A couple of decades ago, all the big personal computer makers except Apple (AAPL) ceded the development of software to Microsoft (MSFT). The inevitable result was that PCs became commodities, running identical programs on nearly identical hardware. Manufacturers are now fighting this trend, none more so than Hewlett-Packard (HPQ). Its ad slogan asserts that "the computer is personal again." The TouchSmart IQ506 shows HP means business.
The TouchSmart is an all-in-one computer like Apple's iMac, with a 22-inch touch-sensitive display. I was not terribly impressed by the first TouchSmart when it came out early last year. But the new model is better looking, about $500 cheaper at $1,299, and perhaps most important, has considerably better touch software.
Actually, there are two sets of programs available: the standard Windows environment and HP's touch-control applications. To get to the latter, you tap a "TouchSmart" icon on your desktop, which calls up two rows of "tiles." The large ones in the top row are for touch-controlled applications HP thinks you will use frequently, including media players, a picture manager, a novel family bulletin board, and a calendar. The lower row is mostly standard Windows applications, but you can edit the list to add or remove programs or move them between rows by dragging them.
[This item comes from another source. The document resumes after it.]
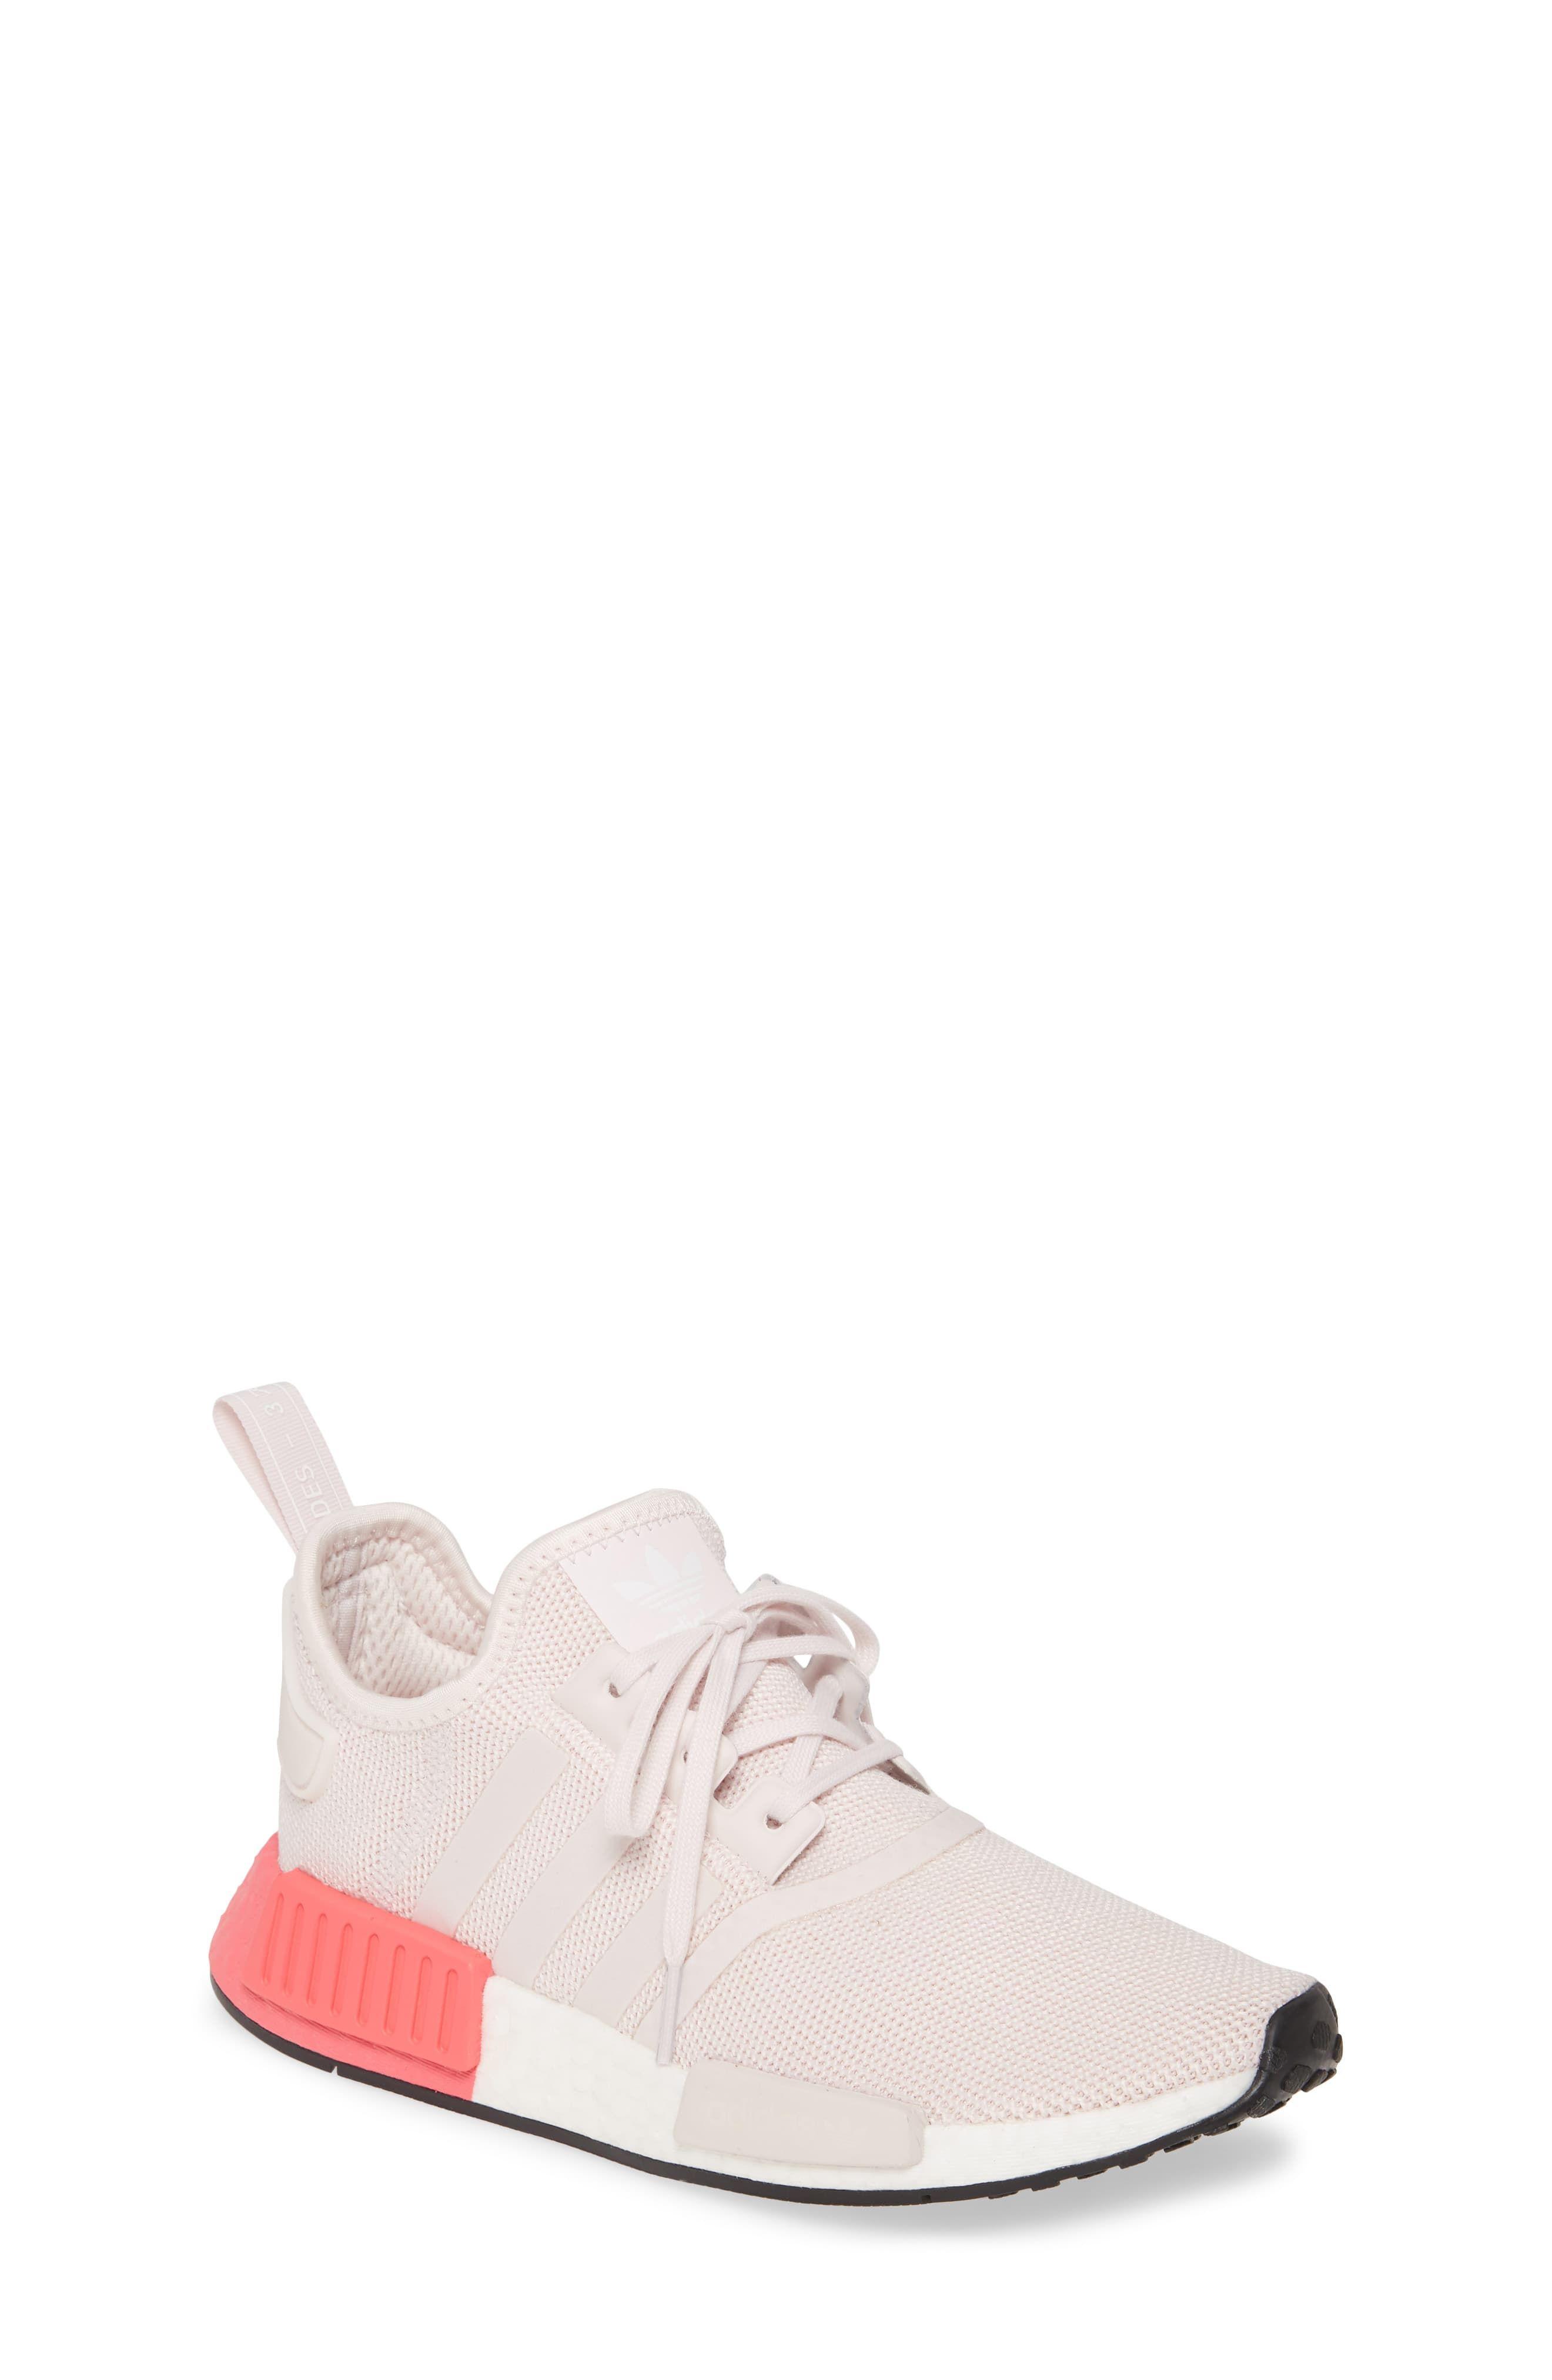 nmd adidas kids

A common mistake in the design of touch interfaces is to treat the human finger as though it were some sort of mouse. HP's TouchSmart programs are different. They dispense with cursors and scroll bars—when you can put your finger directly on the screen you don't need a cursor to tell you where you are pointing. To move an object, you touch it with a finger and drag it to its new location. Sliding your finger up and down or sideways smoothly scrolls the display, while a quick flick of the finger results in a fast scroll. Alas, the resemblance to Apple's iPhone stops short of the ability to resize images by pinching or stretching them.
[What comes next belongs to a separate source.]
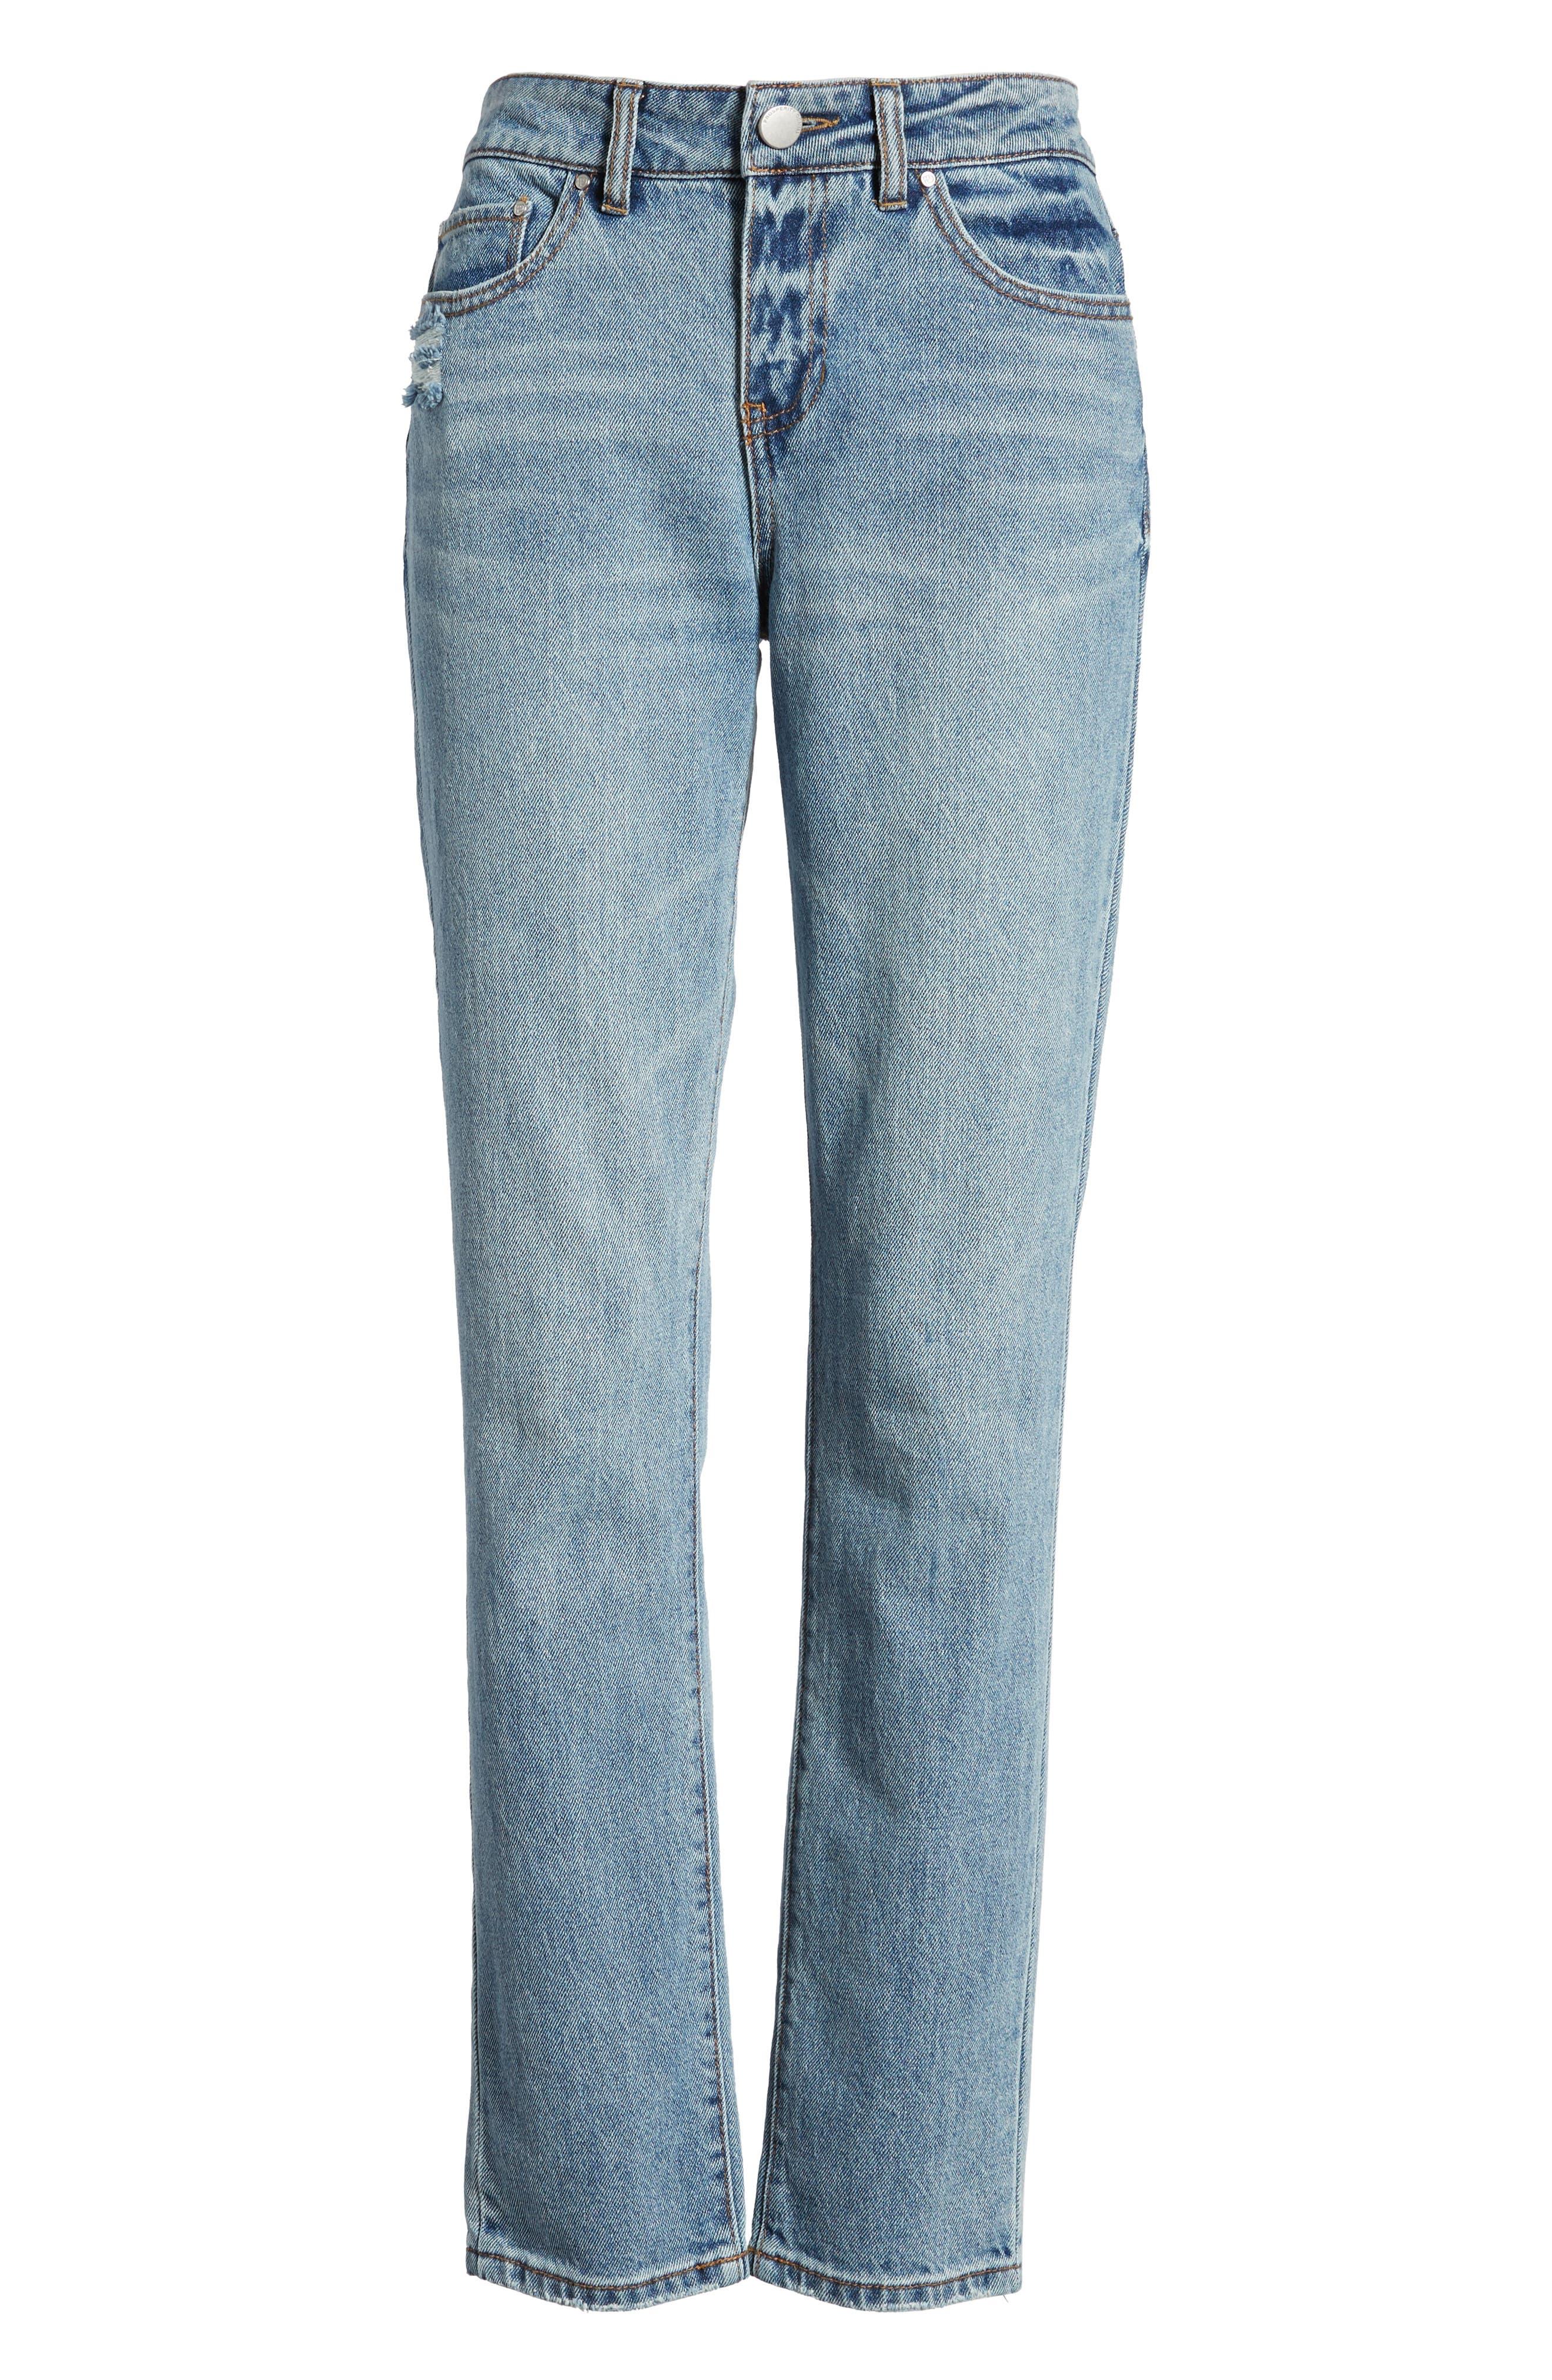 High Waist Skinny Jeans,                             Alternate thumbnail 7, color,                             Medium

As long as you're using HP's TouchSmart applications, this computer delivers on its promises. The music player displays your albums either in a rectangular grid or a circular arrangement, and you browse through them by swiping a finger across the screen. Tapping an album cover shows its contents, and you create playlists by dragging and dropping tracks. But there's no integrated music store, and if you switch to Apple's iTunes, you lose the special touchscreen features.
The photo application automatically gathers all the pictures on your hard drive. (Oddly, that included the album cover art from my music collection.) The program includes some very basic editing tools and, of course, the opportunity to upload pictures to HP's Snapfish print service.
HP assumes the TouchSmart will be a shared family computer. So it provides a handy "notes" application based on a Post-it Notes metaphor. You can share typed, handwritten, or even voice notes, which you create simply by speaking within range of the TouchSmart's microphone.
Once you leave the special TouchSmart programs, you are back in the world of ordinary applications for the Windows desktop, where touch becomes just a mouse substitute. The effect is vaguely disconcerting, though HP does include a touch-enhanced version of Internet Explorer with extra-large scroll bars and buttons. It also provides a wireless mouse and keyboard for when you're working in Windows mode.
The user interface based on mice, windows, and icons has been with us for a quarter century, and while it has served us well, technologies such as touch are creating new possibilities. There is only so much that computer manufacturers dependent on Windows can do, but it's good to see a company such as HP getting back into the game and trying out innovations where Microsoft fails to tread.